Stay of the writ of execution

[36] The applicant launched an application for the stay of a writ of execution issued against it. It did not pursue this application on an urgent basis resulting in the application for rescission and the application for the stay of the writ being heard on the same day. However, if rescission is granted, the application to stay the writ becomes academic; if rescission is refused, there is no basis to stay the writ.

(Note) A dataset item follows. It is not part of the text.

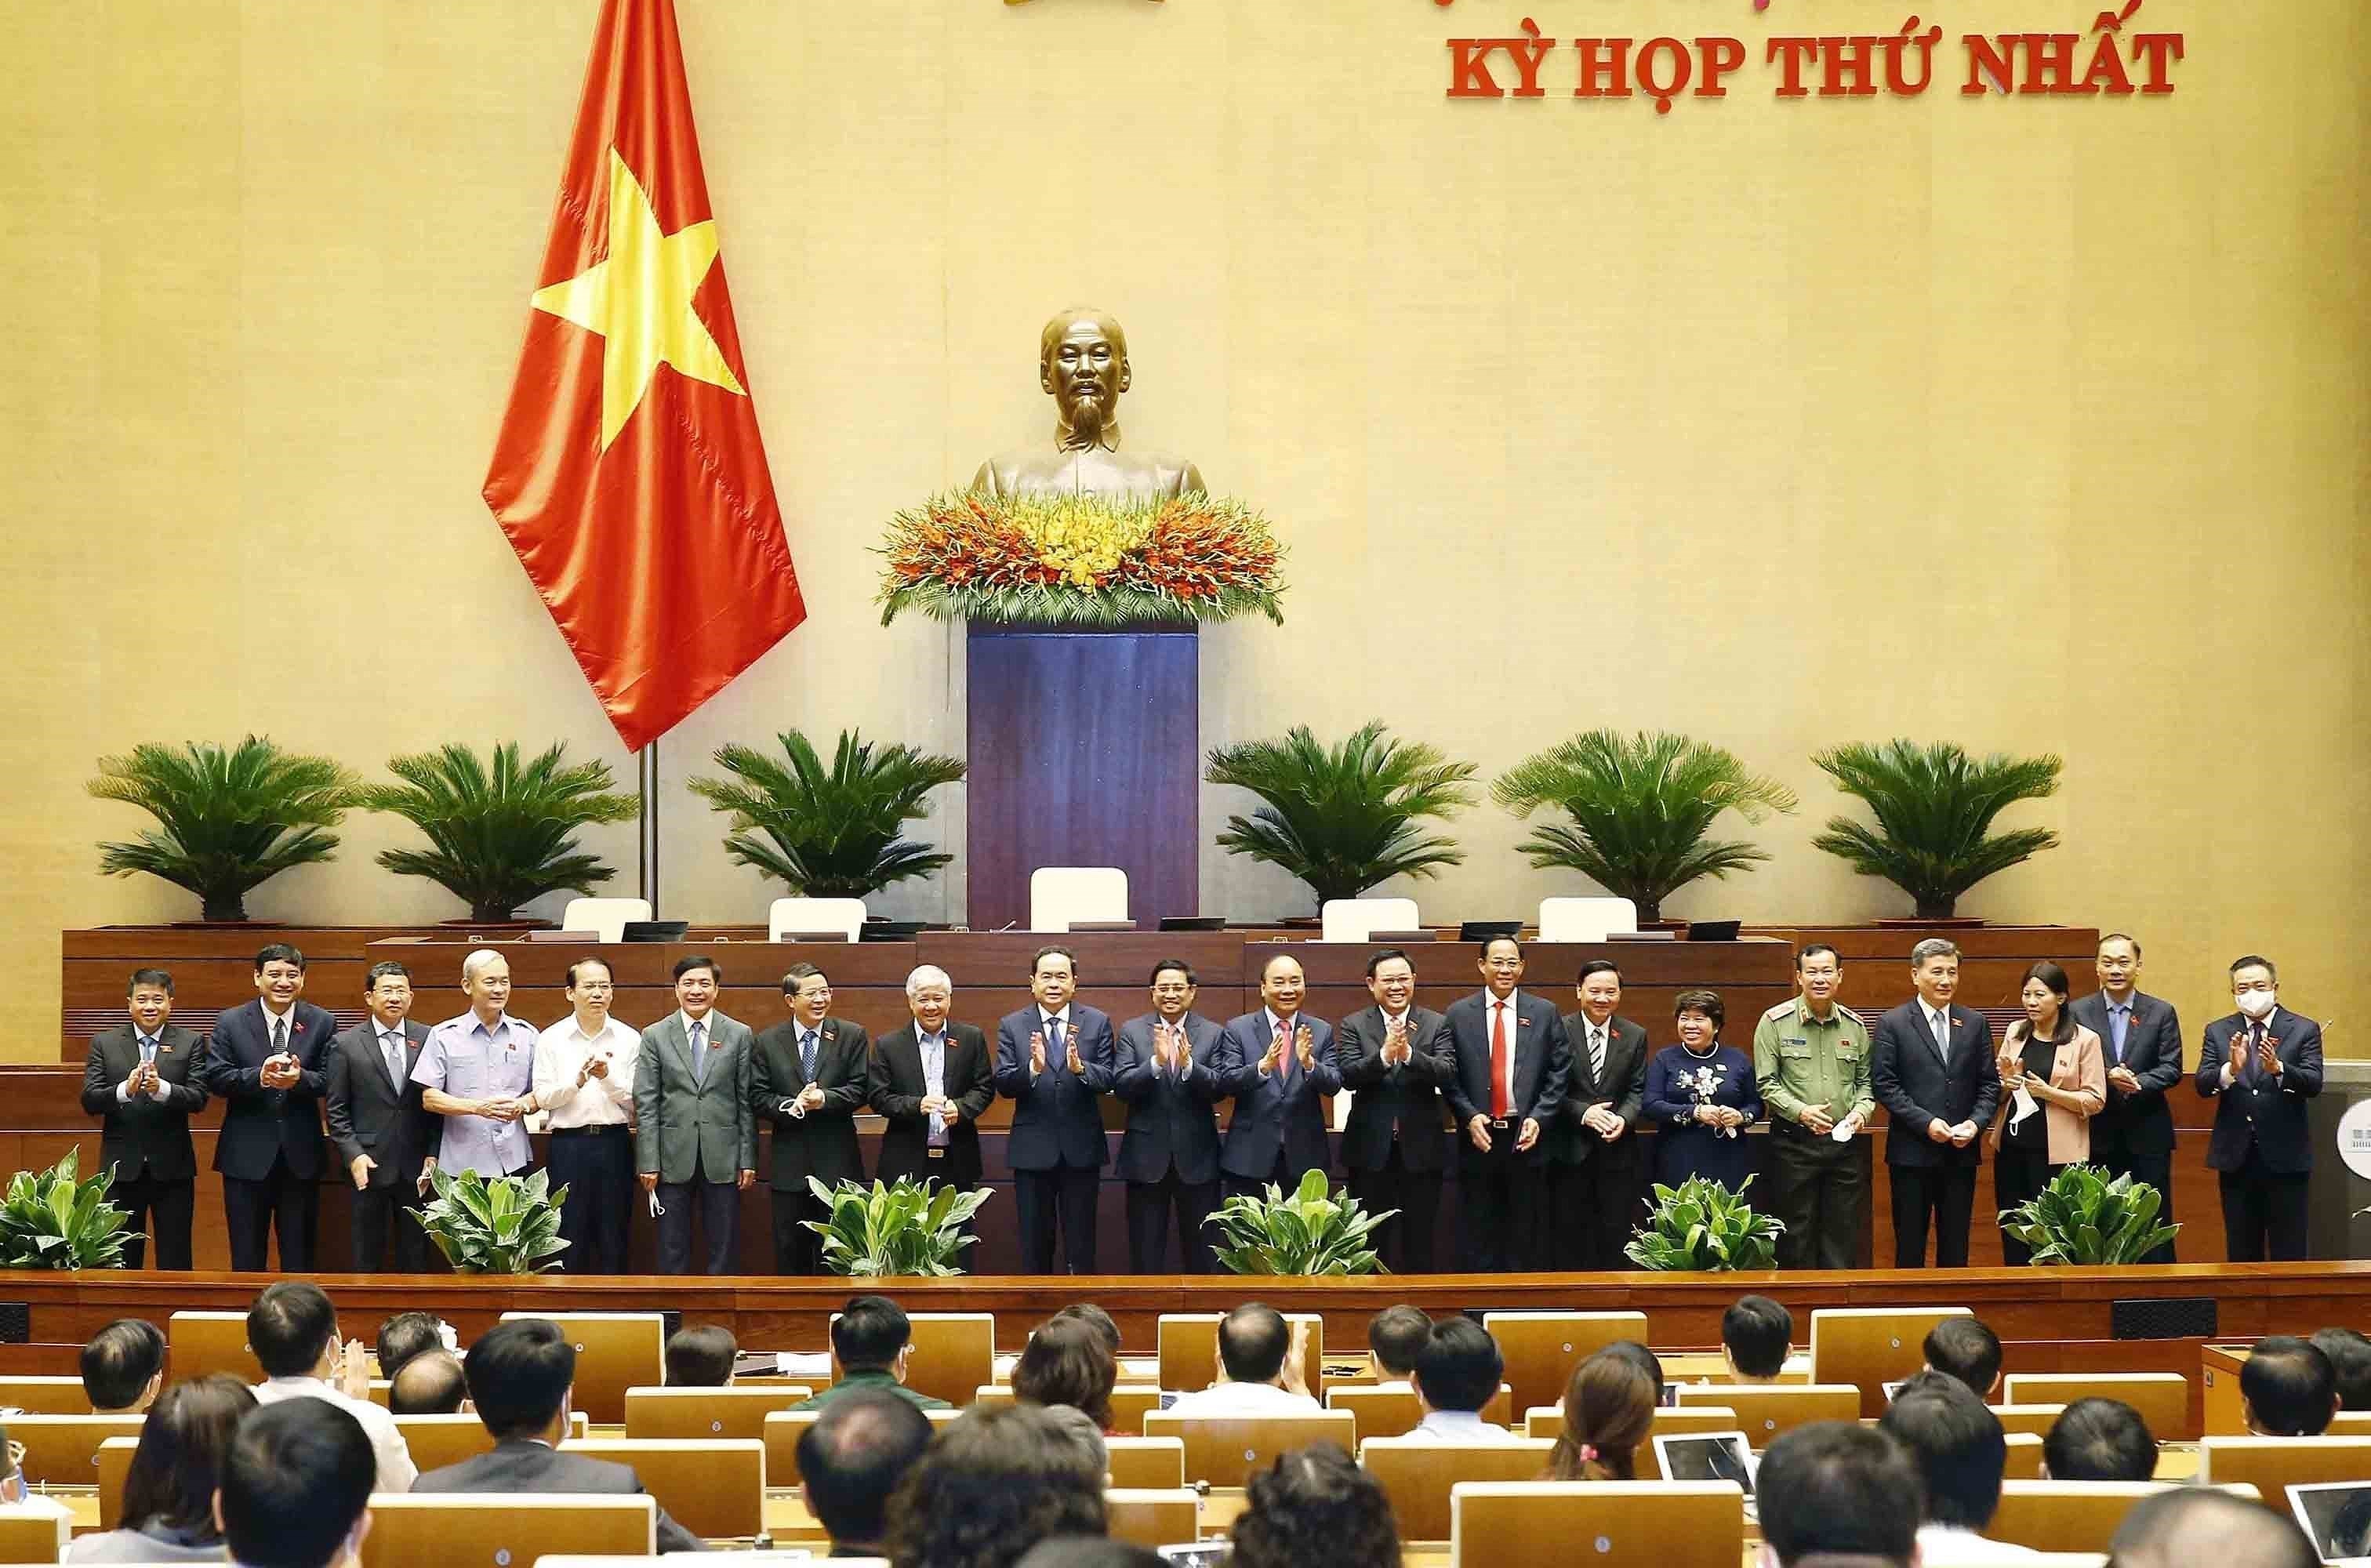 Several important positions in 15th National Assembly elected hinh anh 5

[37] On either eventuality, the costs for the application to stay the writ of execution are wasted. I propose to order the applicant to pay the costs of this application.

Conclusion

[38] In the above premises, I grant the following order:

1) The judgment granted on 4 January 2022 in favour of the respondent is rescinded;

2) Costs of the application for rescission are to be costs in the main application;

3) The application for the stay of the writ of execution is dismissed;

4) The applicant is to pay the costs for the application for the stay of the writ.





H M VILJOEN

ACTING JUDGE OF THE HIGH COURT

GAUTENG DIVISION OF THE HIGH COURT, JOHANNESBURG



Date of hearing: 11 October 2022

Date of judgment: 22 November 2022


Appearances:


Attorneys for the first applicant: SEANEGO ATTORNEYS INC

Counsel for the first applicant: ADV M VIMBI


Attorneys for the respondent: VAN VEIJEREN INC

Counsel for the respondent: ADV P VAN DER BERG SC




1 Lodhi 2 Properties Investments CC and another v Bondev Developments 2007 (6) SA 87 (SCA) at [27]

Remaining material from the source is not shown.